Pragmatism over process – Keoghs secures key immunotherapy judgment
Howard v The Imperial London Hotels Limited  EWHC 202 (QB)
On 6th February 2019, Master Thornett handed down what is believed to be the first judgment on the issue of Periodical Payment Orders (PPOs) as a mechanism for funding future immunotherapy in mesothelioma claims. Peter Kenworthy of Keoghs acted for the defendant, instructing William Vandyck of Crown Office Chambers.
Anyone dealing with mesothelioma claims will be aware that claims for funding of future immunotherapy treatment have become increasingly commonplace. Once the defendants are satisfied that immunotherapy treatment is reasonable and should be funded, issues have arisen as to how to provide that funding.
For some time certain claimant practitioners have been promoting – often very loudly - the use of PPOs, despite it being consistently pointed out by insurers that a PPO is just not appropriate for these claims.
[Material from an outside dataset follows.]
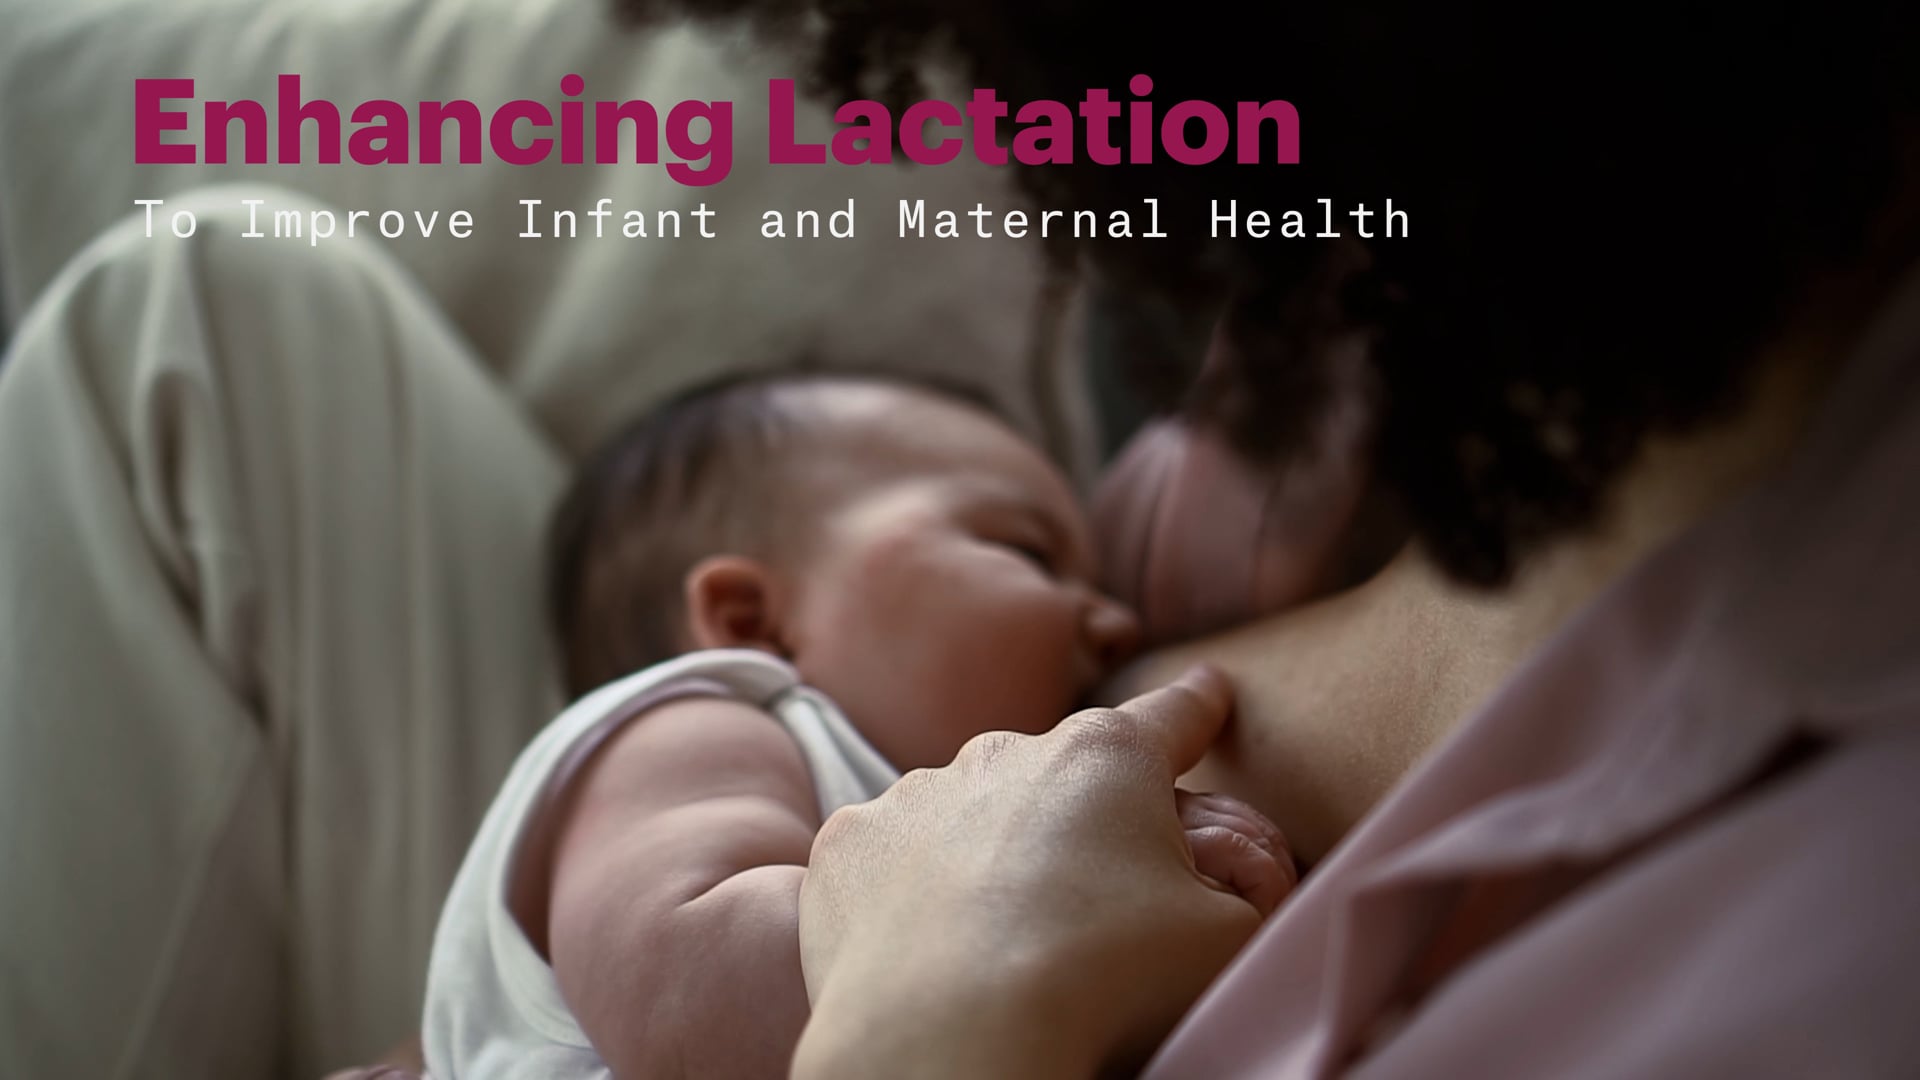 Enhancing Lactation to Improve Infant and Maternal Health

The value of a PPO for the more confrontational claimant representatives is that this ‘solution’ can be imposed by the court – if the case is suitable.
On 10th January 2019 the sole remaining issue in this case came before Master Thornett - whether the court could and should impose a PPO to fund immunotherapy treatment. The defendants had offered to provide a suitable indemnity and in the meantime further interim payments, pending any agreement. However the claimant decided to pursue a PPO despite not having indicated any intention to do so until the very week of the hearing.
After a full day of submissions Master Thornett gave a reserved judgment in the defendant’s favour. The approach of Master Thornett is best summarised when he refers to “the underlying difficulty of trying to achieve both certainty and flexibility by way of a PPO in circumstances where the nature and duration of treatment is liable to change at short notice and any alternatives come from an ever growing and developing field of choice. I conclude these are illustrations of the problem with a PPO in principle rather than a point for alternative drafting”.
The important point is the Master’s observation that PPOs are not appropriate as a point of principle and the many failings and issues identified with a PPO cannot be overcome by refining the drafting of the order. This judgment should see an end to claimants pushing for PPOs and using the threat of applications to try and impose ever more cumbersome and expensive (to administer and agree) agreements.
Insurers have to date demonstrated a willingness to agree various “informal” mechanisms to fund immunotherapy treatment. As the judgment in this case highlights, the only options open to the court are to award a global sum to include future treatment, or adjourn the case to allow for future interim payments, both of which have clear issues of their own.
Insurers have always wanted a collaborative and constructive approach to this new and evolving head of loss – with the sufferer’s interests at the centre. A clear and simple indemnity is the best solution for everyone. This judgment is a major step in that direction.